Bagging and Boosting
Bagging makes use of the concept of ‘collective intelligence’ where different weak learners
(each having moderate accuracy; at least 50%) are combined to make a final prediction based on
majority or taking average of probabilities by each learner (for classification problems).
Since different learners are independent of each other, bagging is considered as a parallel procedure.
The figure below demonstrates the bagging mechanism where various learning sets are
created out of our data L ( and a predictor is created for each of these learning sets (L1, L2, ..., LB). Eventually, the predictions by all the predictors are aggregated to form the final prediction.
How predictions are made using bagging?
If the dependent variable y is numeric in nature, then the aggregation is done by taking the average of the predictions by various predictors. However, if y is categorical, then the aggregation is can be done by either majority voting or weighted voting. If the classifier returns the probability for classification
problems, then one can consider the average probability for all the learners.

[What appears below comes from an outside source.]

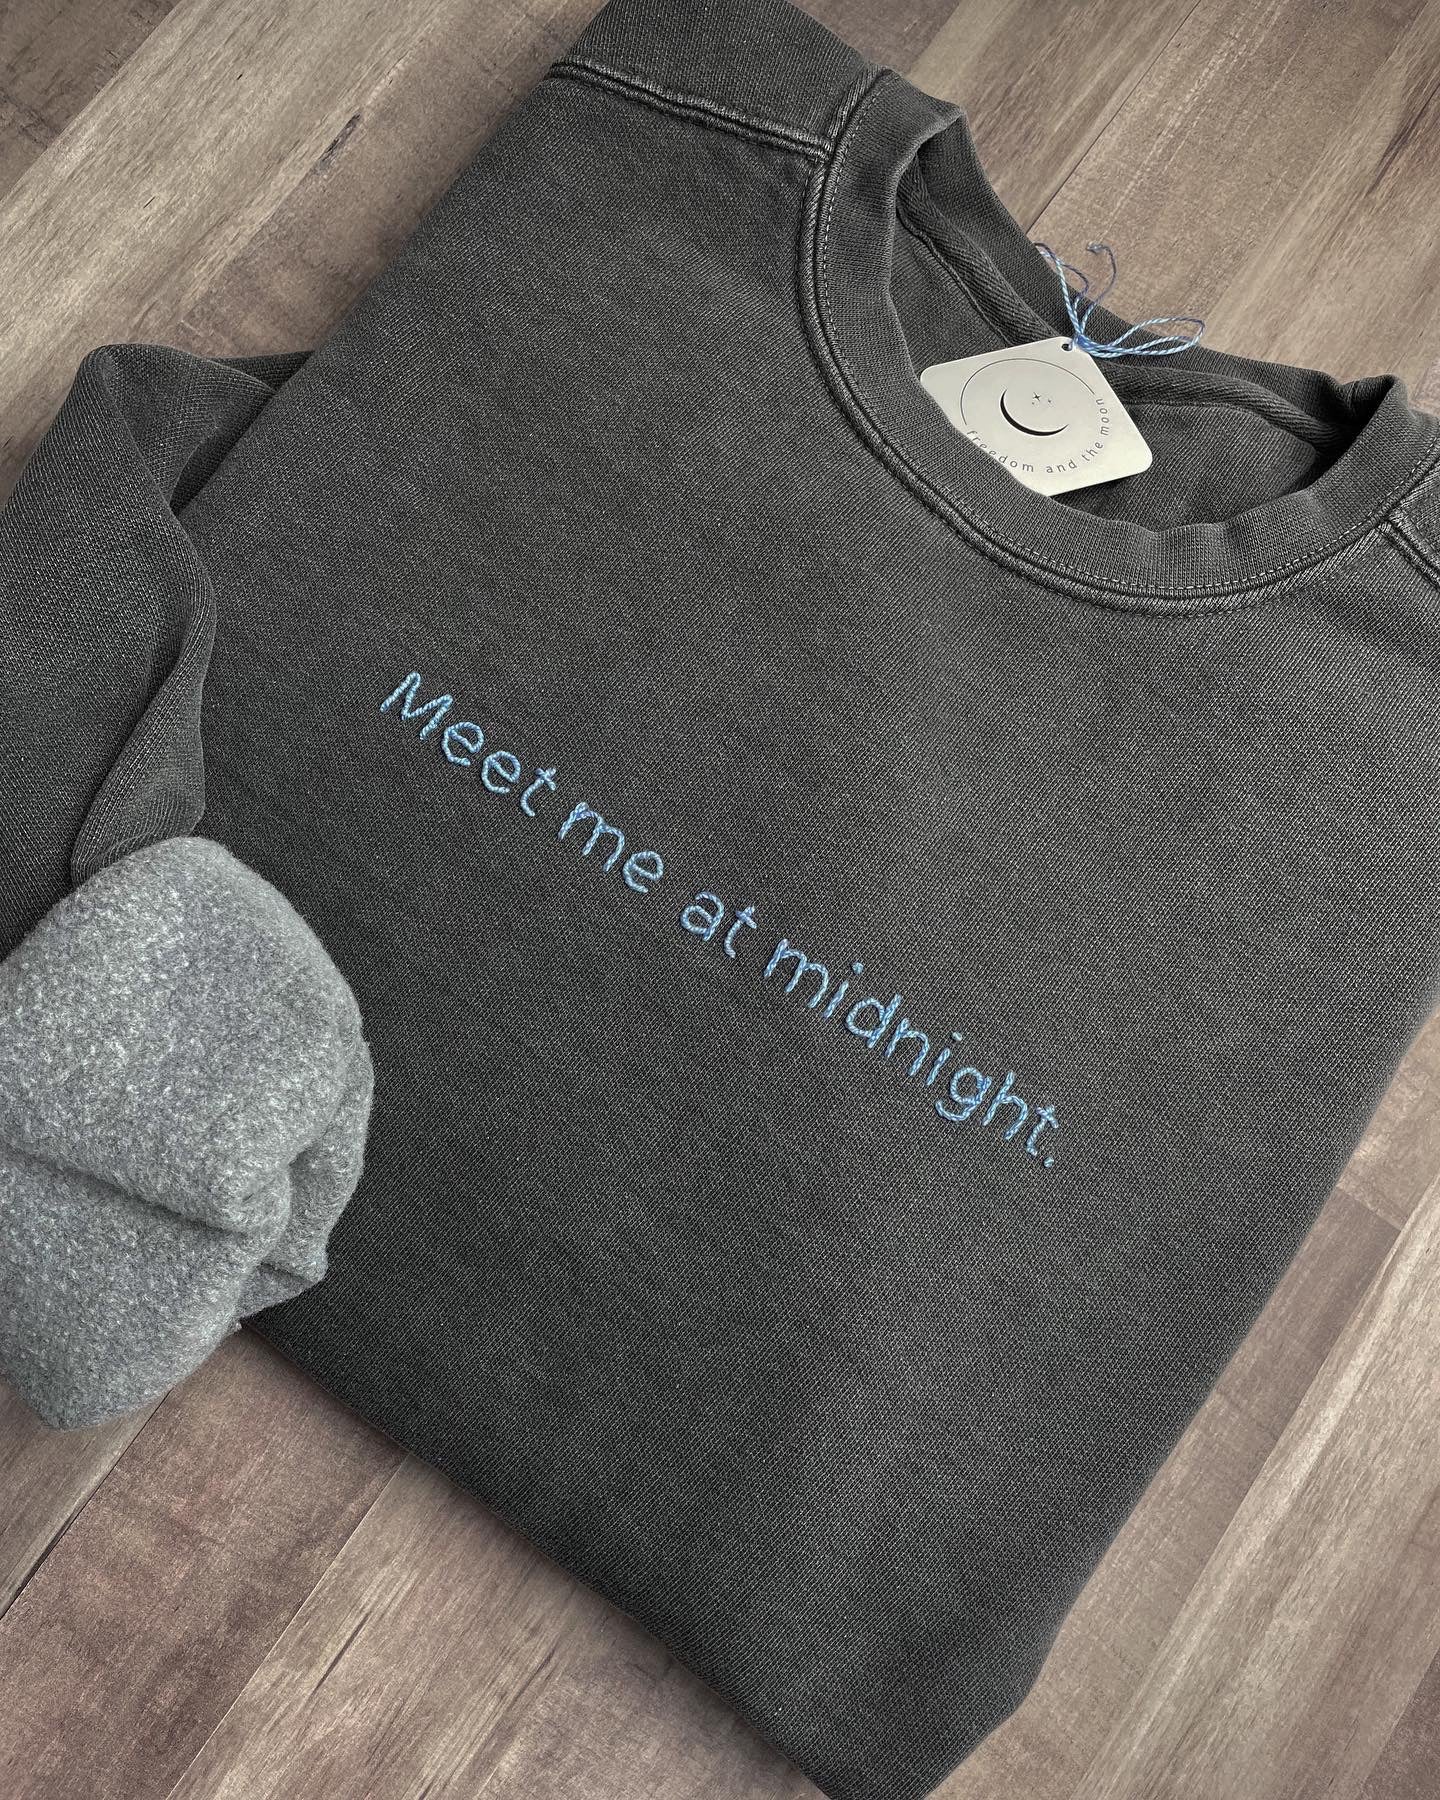 Meet Me At Midnight. Sweatshirt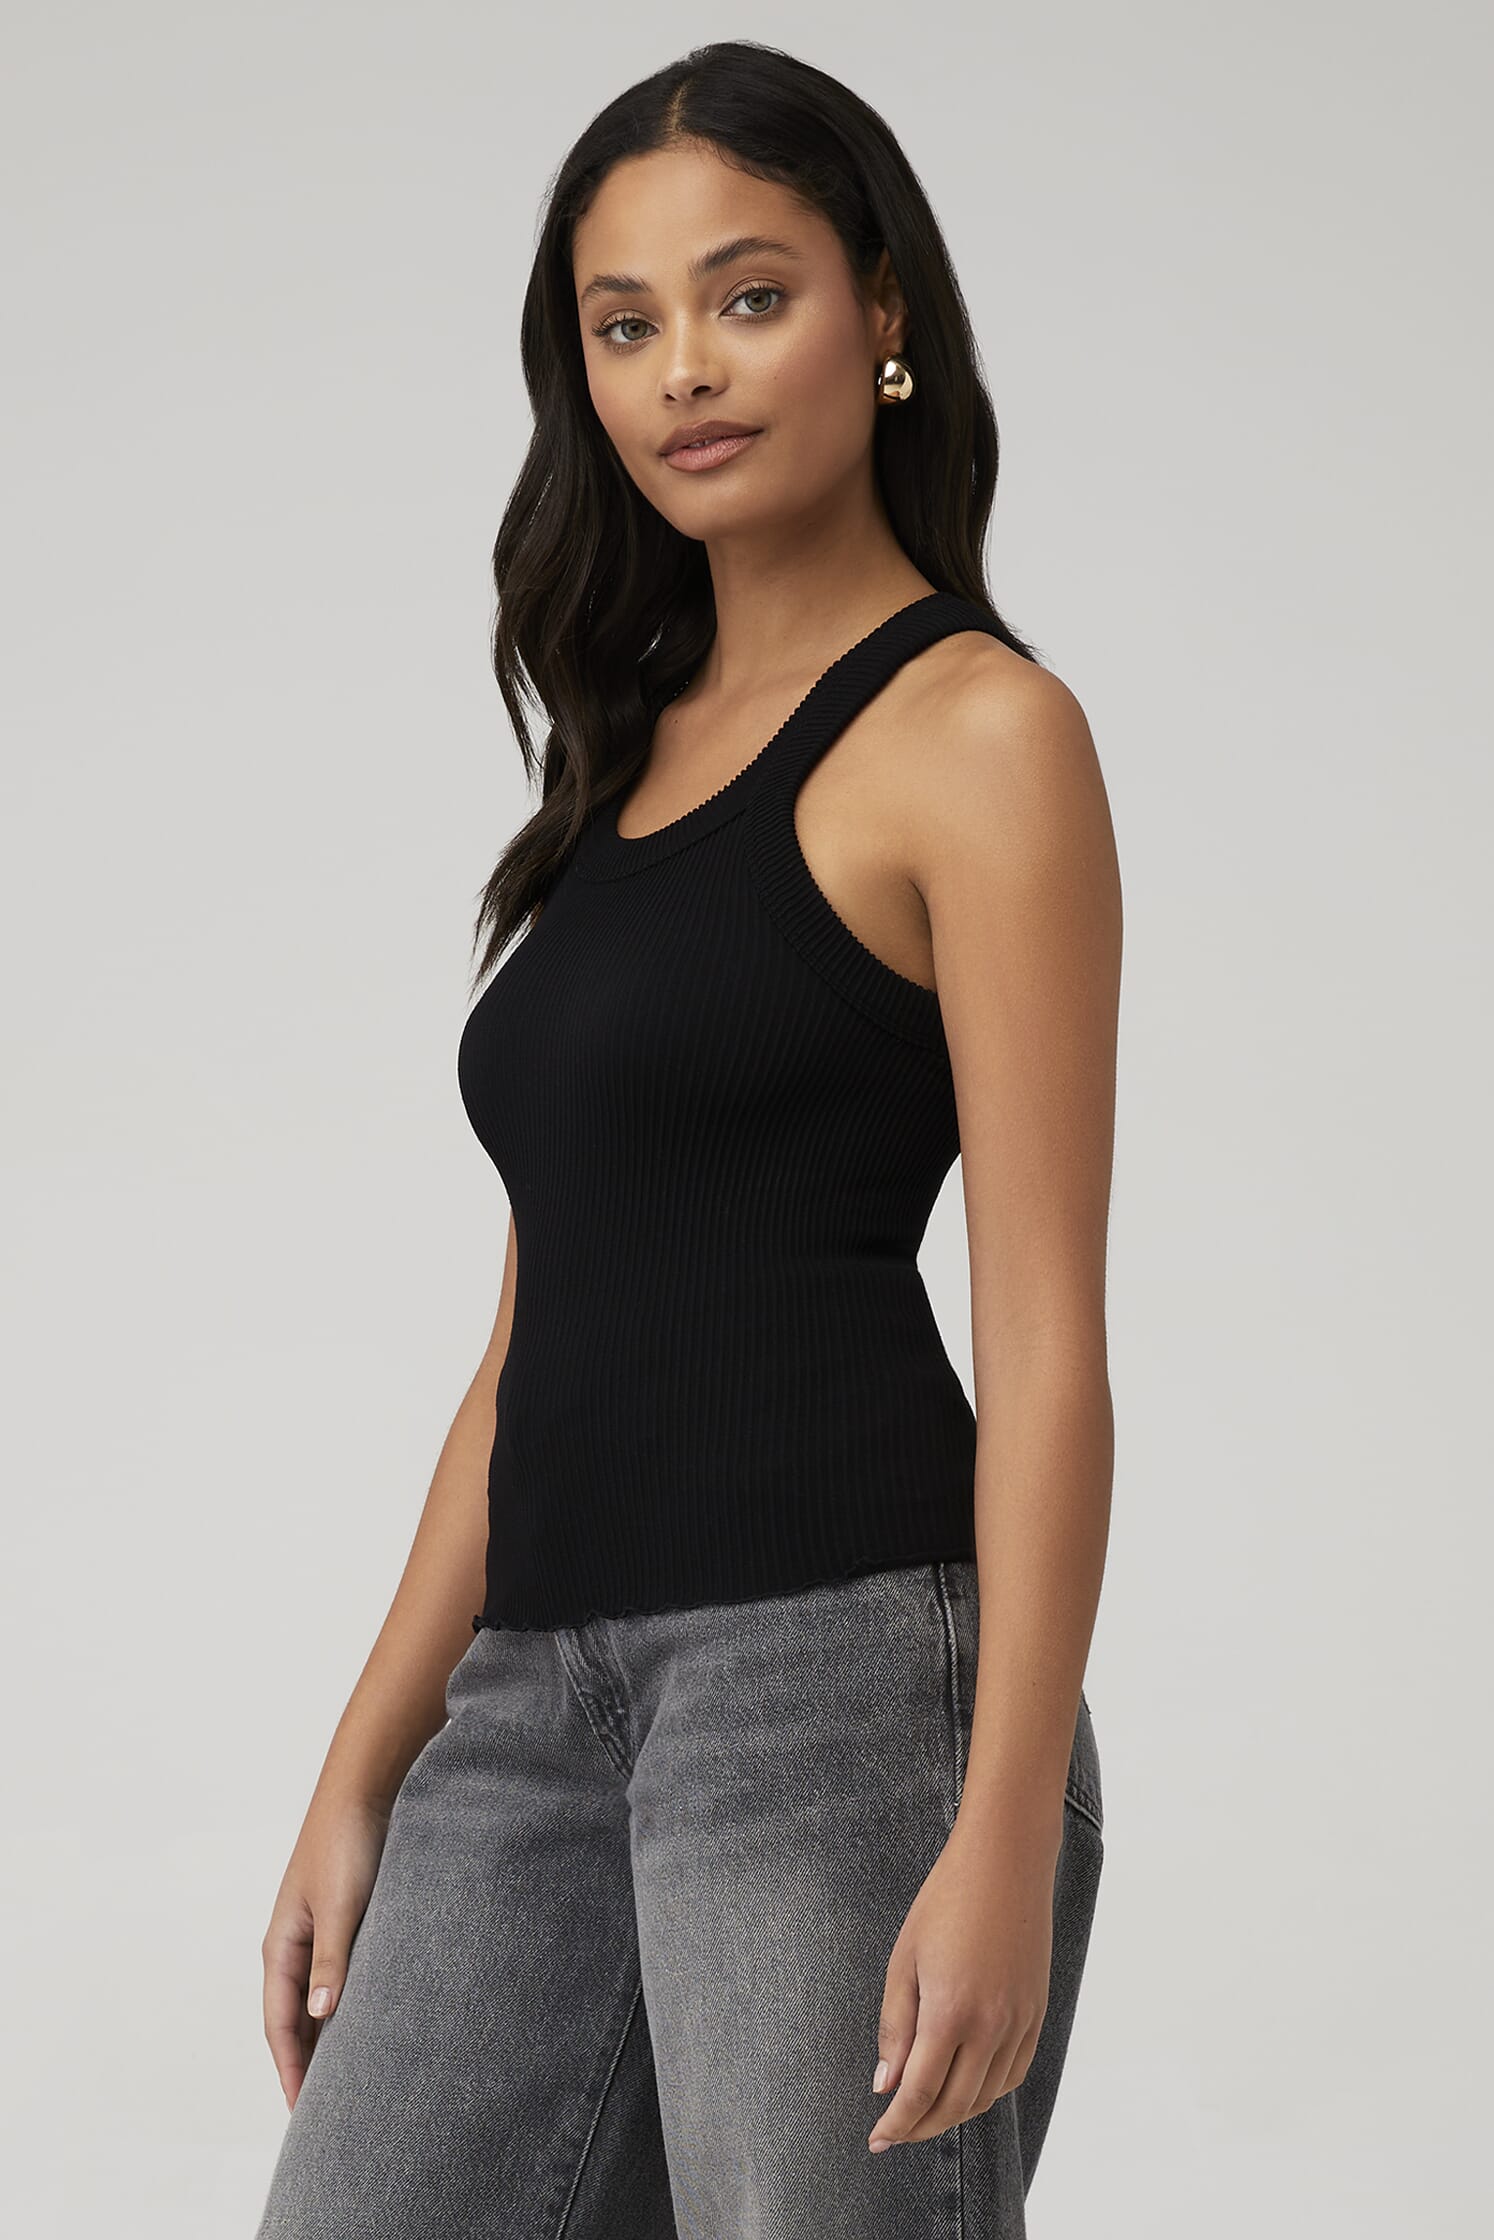 Bella Ladies 100% Cotton Tank Top, Large, Black at  Women's Clothing  store: Tank Top And Cami Shirts

Since all the learners are independent of each other thus, bagging is a parallel procedure.
Although with bagging one loses the feasibility to interpret the structure, but it can lead to gains in accuracy.
Like bagging, boosting also aims at combining weak learners to form a powerful committee. However, instead of creating models in parallel, boosting develops the models sequentially.
Initially all points are given the same weightage and a base learner is created. Afterwards, the points misclassified by the base learner are given more weightage and the next base learning algorithm is applied. This is repeated until the stopping criteria is reached.
Since a new learner is dependent upon the results of previous learner, hence boosting techniques are sequential in nature.
In other words, each model is dependent on the results of its previous model, which can be shown
by Figure 2.10. Its major goal is to correct the errors of the previous model. Final classifier is a
linear combination of these learners.